Isidro, luego de consolarle con engañosas afirmaciones, asegurando que antes de una semana verían la tierra ansiada, retrocedió con Castillo hacia la reja de salida.
–¡La esperanza!—dijo con tristeza—. Ese pobre está muy enfermo, le faltan fuerzas para tenerse en pie, y se traslada, sin embargo, de un hemisferio a otro en busca de salud y dinero. ¡Qué de ensueños van en este cascarón con todos nosotros!…
–¡Y si fuese solo!—contestó Castillo—. Pero le acompañan su mujer y tres hijos.

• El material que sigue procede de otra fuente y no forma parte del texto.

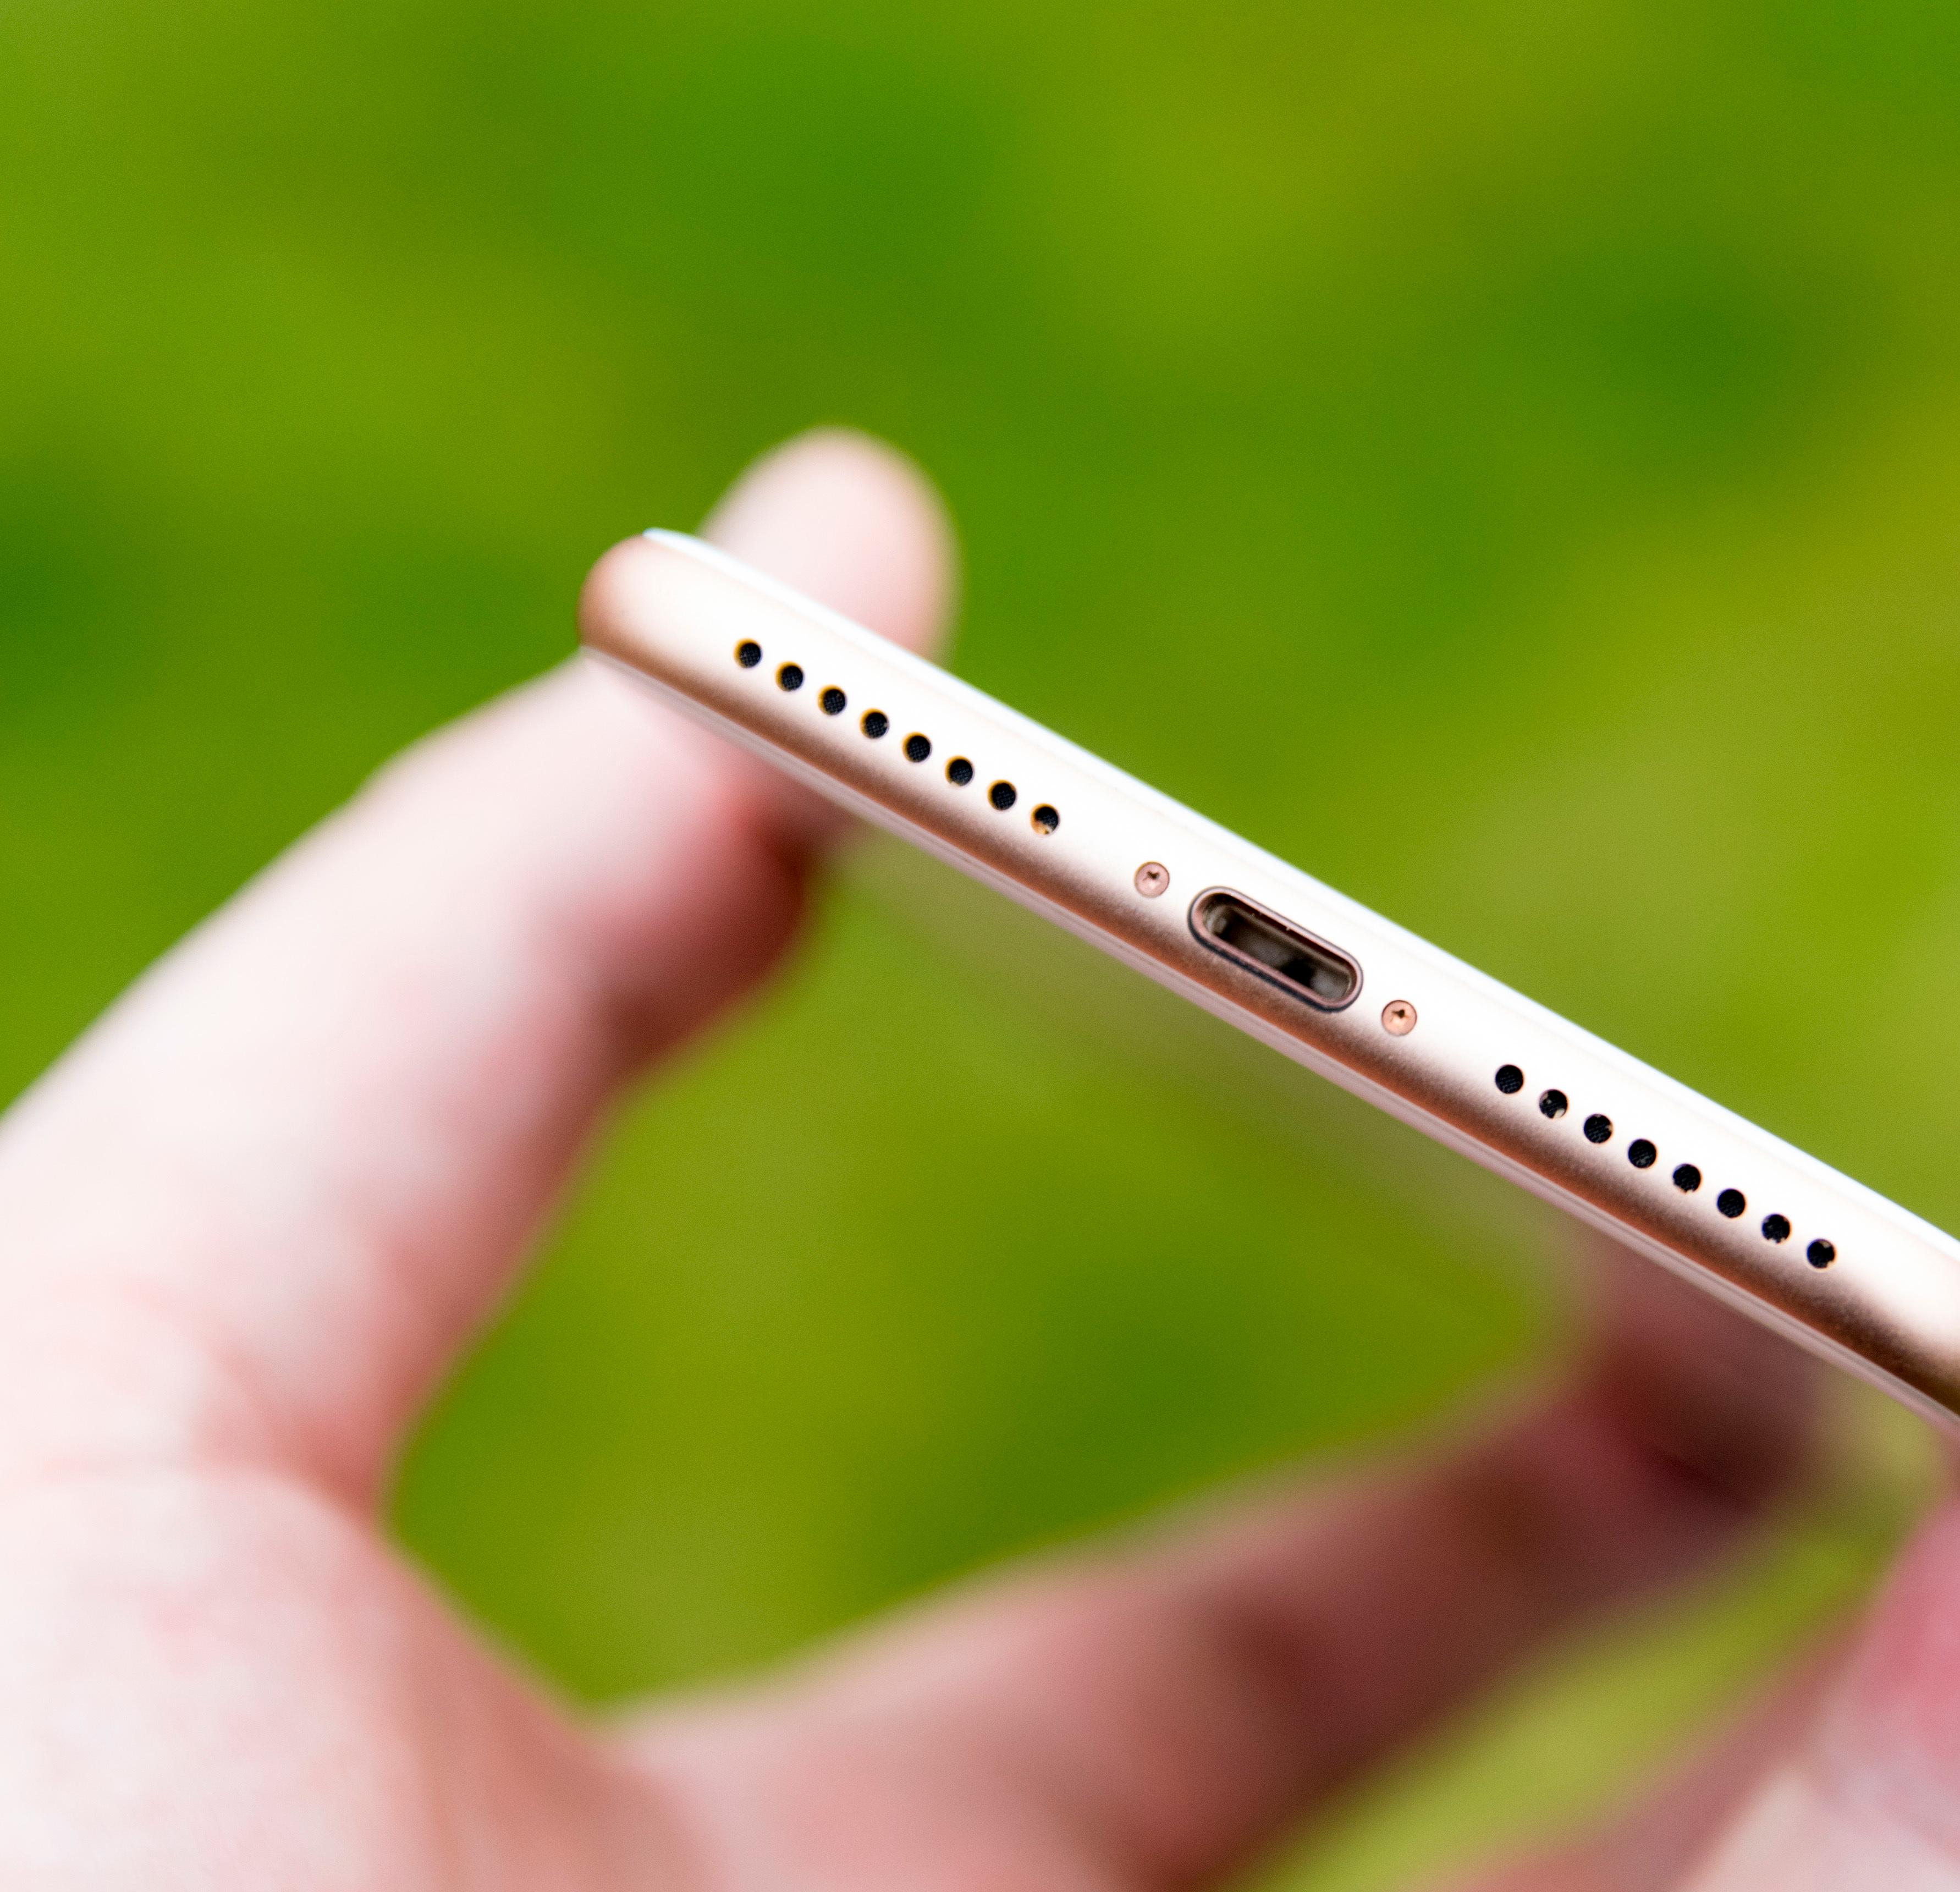 De ulempene iPhone 8 Plus har finner du i bunnen av telefonen. Her er det ikke hodetelefonkontakt, og hurtiglader koster mye penger i tillegg. Men telefonen har noen av markedets beste stereohøyttalere.
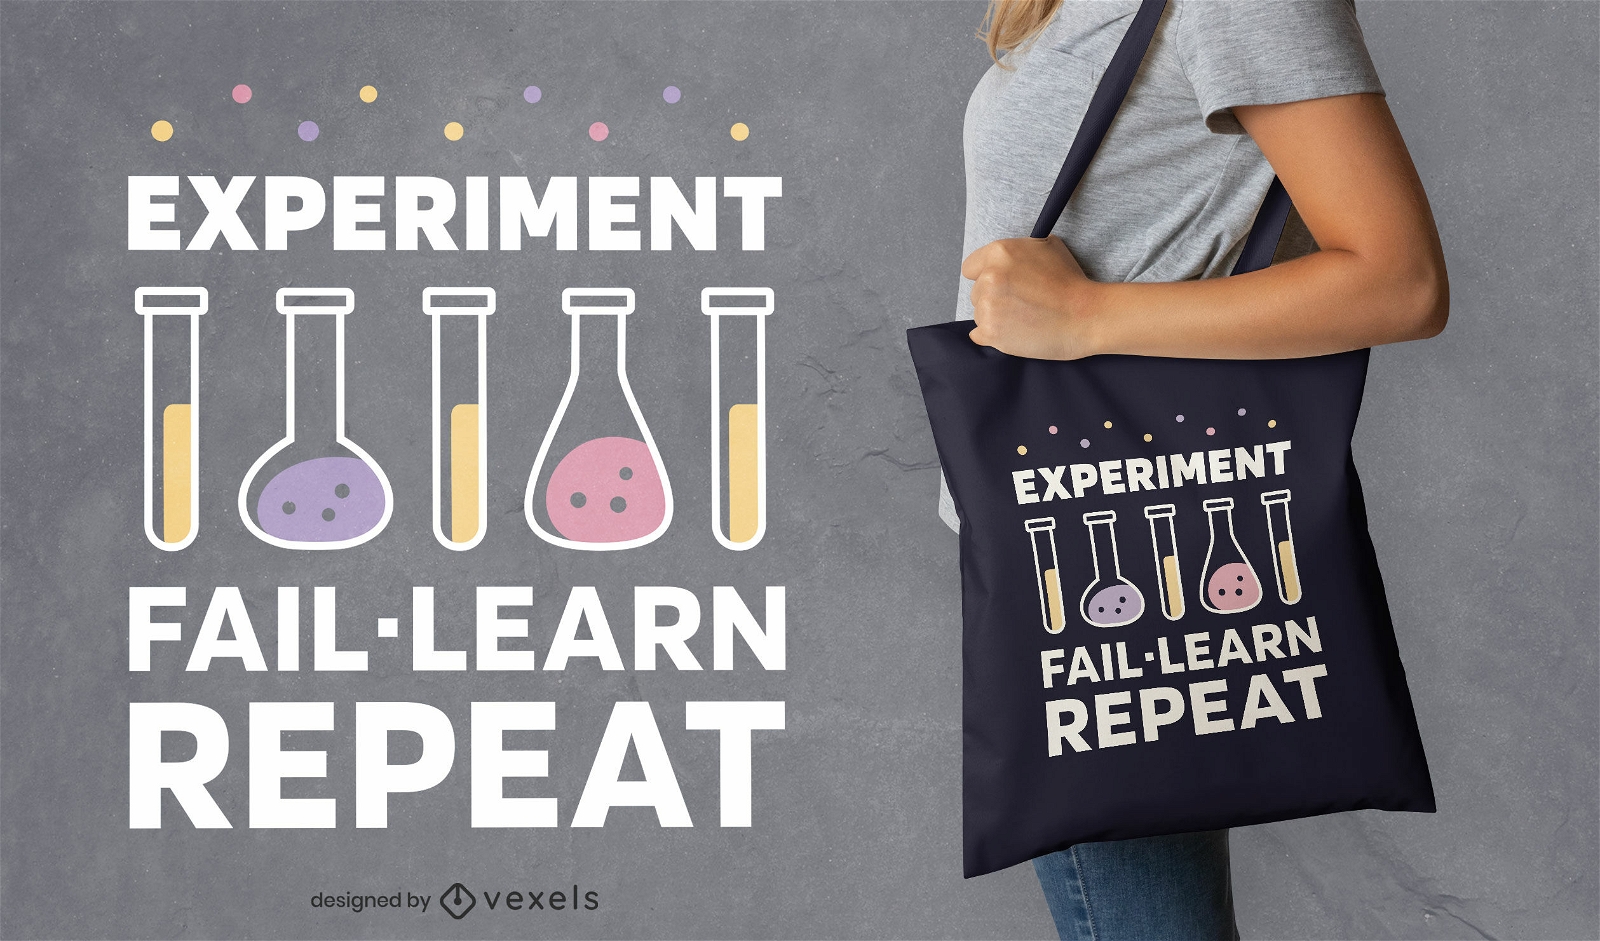 Taschendesign für wissenschaftliche Experimente

La ilusión de la salud le había hecho desarraigarse de su pueblo. Allá en Galicia no podía trabajar una semana entera sin que el esfuerzo atrajese la enfermedad. La imagen de América había pasado por su miseria como un resplandor de esperanza. En aquella tierra de fortuna, donde todos se transformaban, él sería otro hombre. Y repuesto por unos meses de descanso y holgura, a causa de haber vendido su casucho y unas vacas, Muiños entró en el buque con un aspecto engañador de hombre sano. El ambiente del mar y la vida de a bordo habían sido fatales para él: cada día transcurrido marcaba un descenso de su salud.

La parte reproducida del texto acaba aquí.